Tools → Apache Parquet Merge Tool

About the Apache Parquet Merge Tool

Over time, an Incorta table configured for incremental loads can generate hundreds of Apache Parquet files that are small in size. The Apache Parquet Merge tool merges multiple Parquet table increment files into a single table increment file that contains the merged segments. As the merged files are typically about 1GB in size, the result is improved performance for reading Parquet files from Shared Storage.

In releases prior to 5.1, the Apache Parquet Merge tool was a standalone interactive, command line tool. Starting with the Incorta 5.1 release, the Apache Parquet Merge tool runs as part of the TMT.

There are three options for running the Parquet Merge Tool:

  • For a specific Tenant, merge all schema table increments
  • For a specific Tenant, merge all table increments for one or more Schemas
  • For a specific Tenant and Schema, merge one or more table increments

The tool backs up the original files into a backup directory and merges the table increments into the original directory.

To start using the Parquet Merge Tool, follow these steps:

Apache Parquet Merge Tool Input Parameters

The interactive shell script has the following parameters:

ParameterDescription
-clnmMandatory. Specify the cluster name.
-mpMandatory. Specify the Tenant name
-snOptional. Specify the Schema name(s).
-tnOptional. Specify the Table name(s).
-miOptional. Specify the minimum table increments count for the merge. The default is 100. If less than the minimum, the tool will not merge the table increments.
-mtOptional. Specify merge type.
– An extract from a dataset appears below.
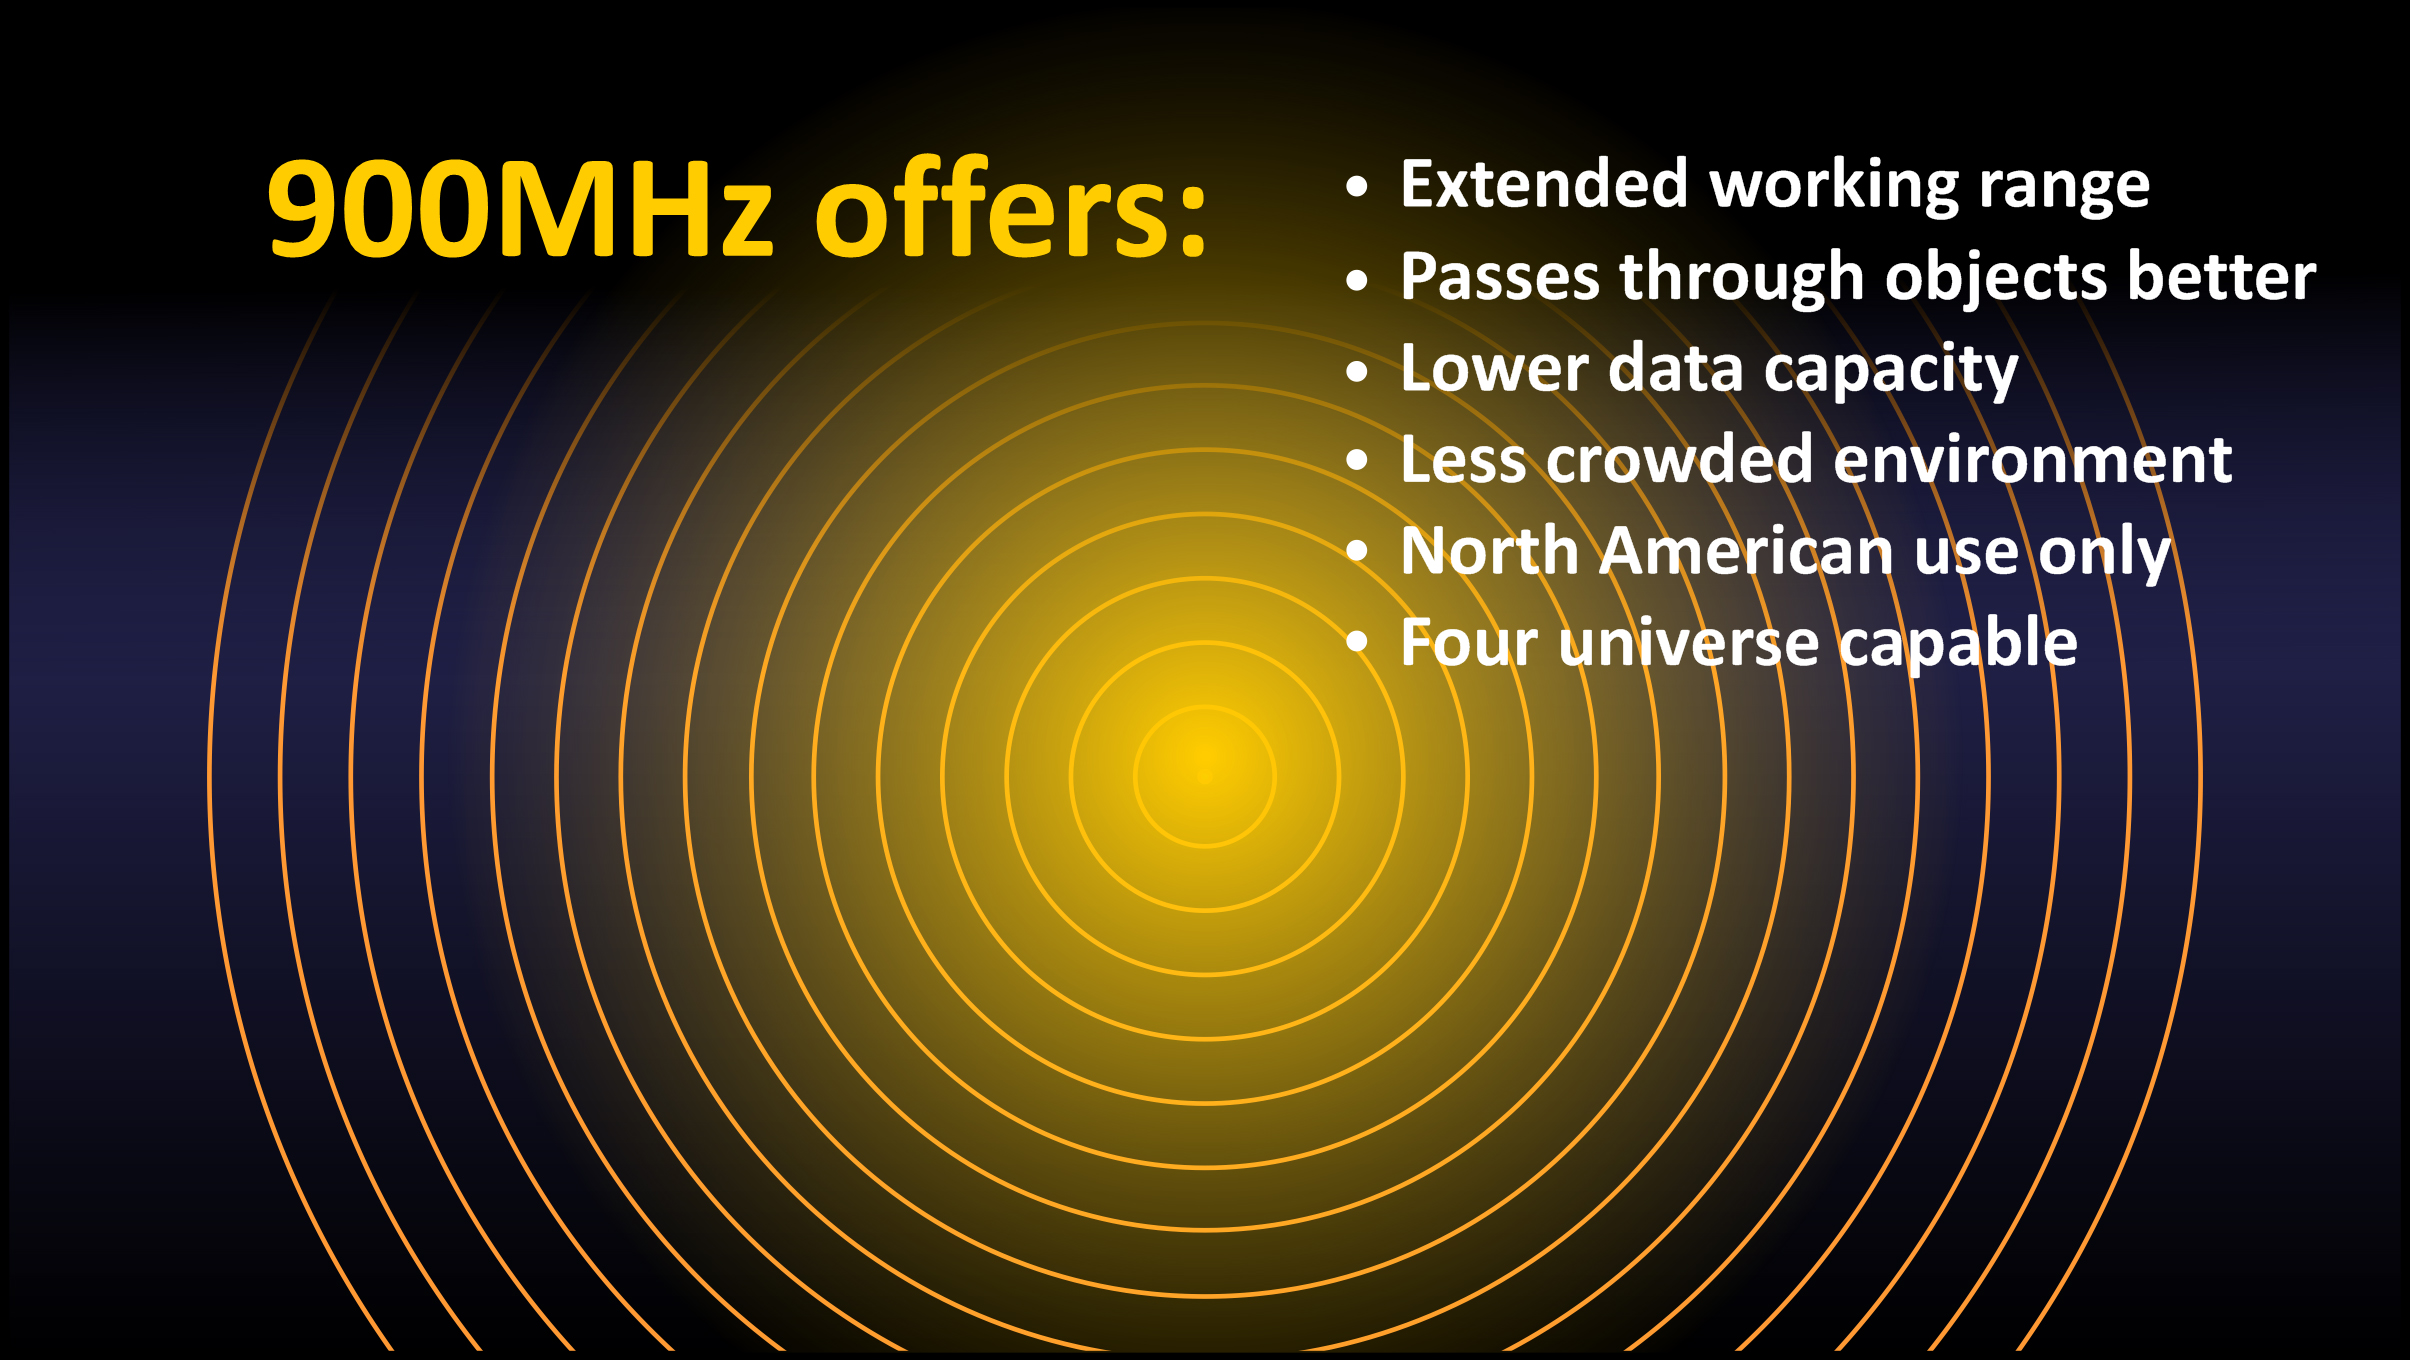 Multiverse 12 Benefits of the 900MHz RF Band
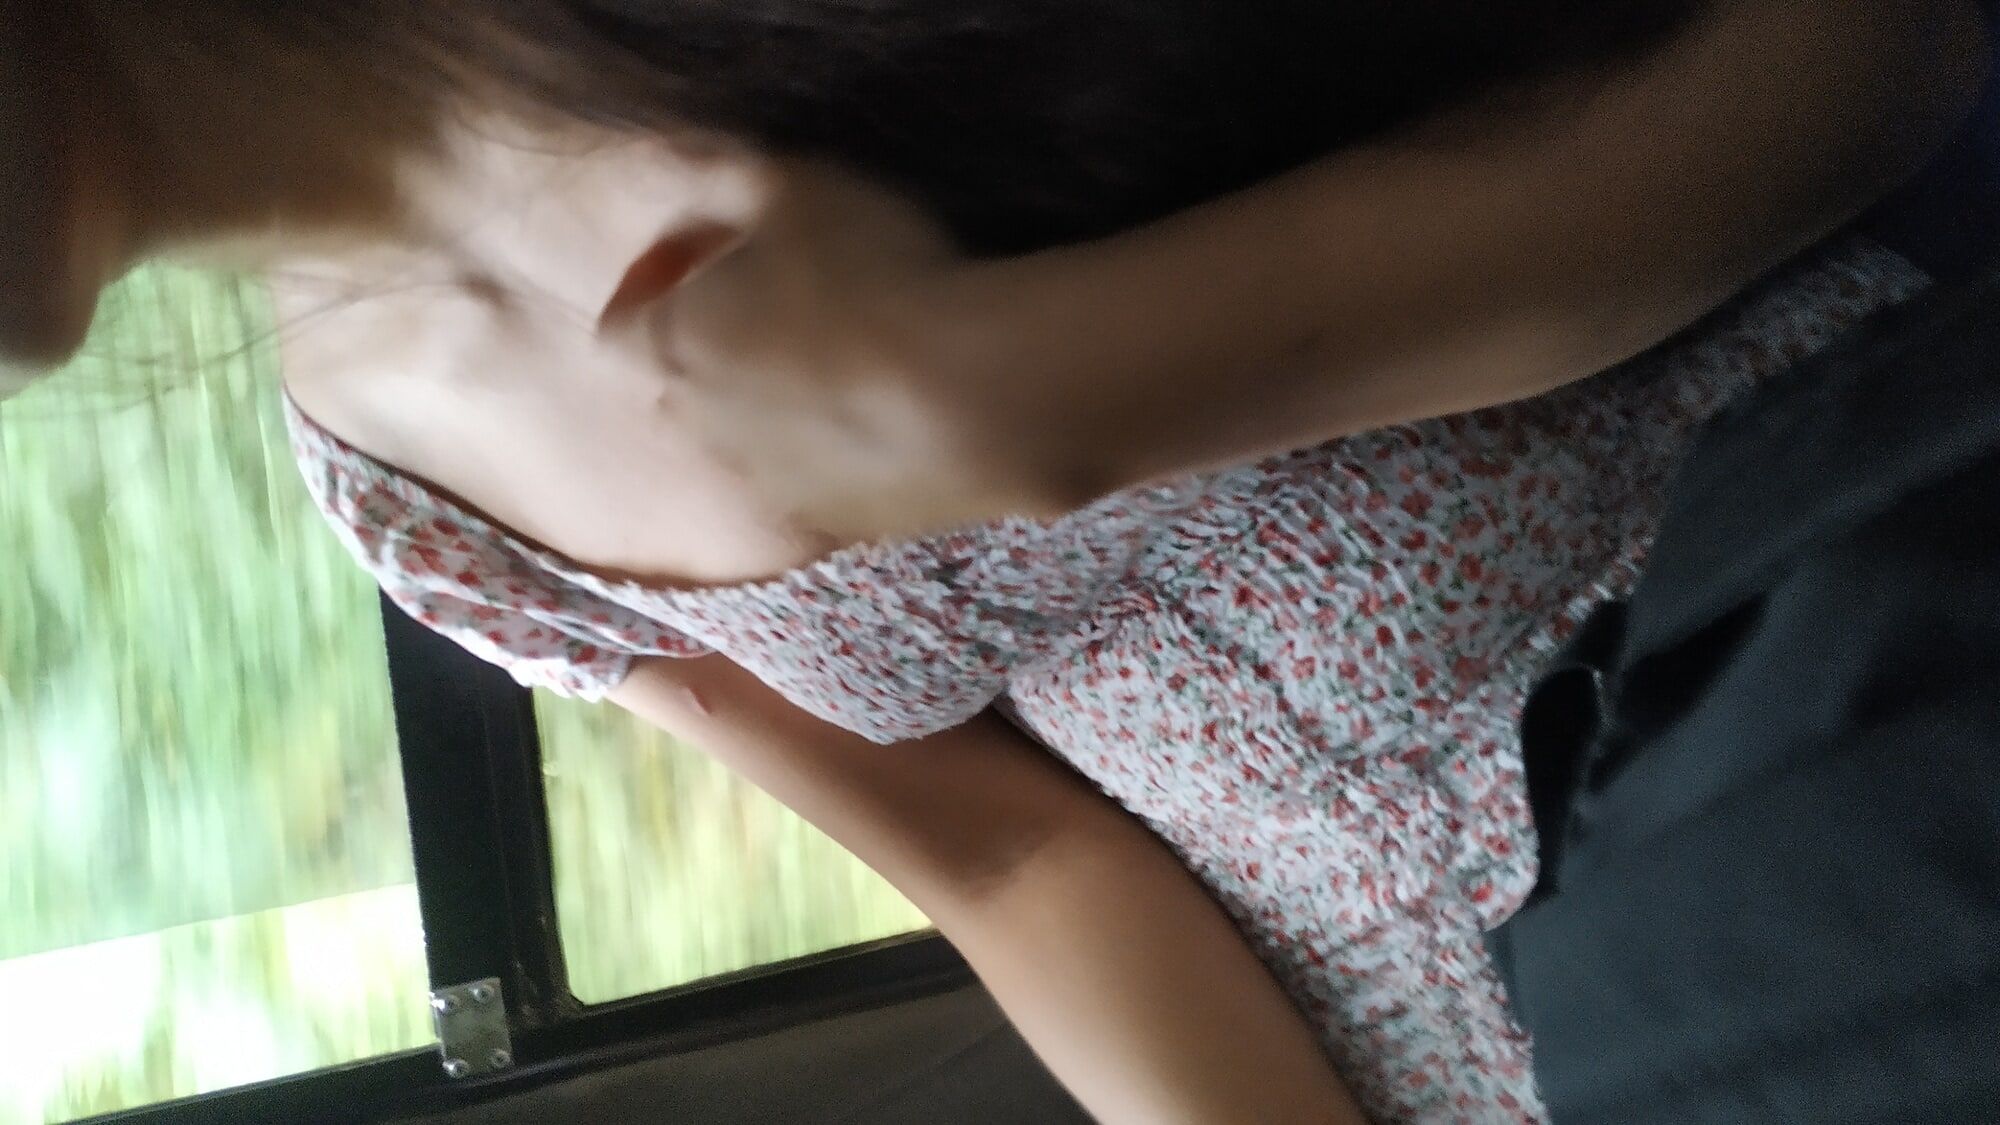 Feeling naughty in the bus

The default is append, knowing that available values are: append, readWrite.

For a specific Tenant, to migrate and merge all parquet files of a table under a schema, execute the following specifying a minimum increment that the table should have:

./tmt.sh -clnm localCluster -mp demo -sn <SchemaName> -tn <TableName> -mi <MinIncrementsNumber> -mt readWrite

When the merge is complete, you will see the following message:

Merge is Done ! Do you want to delete the backup source files ? (press y to continue ,otherwise exit)

View the Apache Parquet Merge Tool Log Files

The Parquet Merge Tool generates a log file, whose name starts with merge-tool.log, in the following CMC installation directory:

/home/incorta/IncortaAnalytics/cmc/tenant

The file contains the Source Segment, Target Segment, and Source Offset. Use this log file to determine the results of the merge activities.

You can also find the .csv report file under cmc\tmt\work.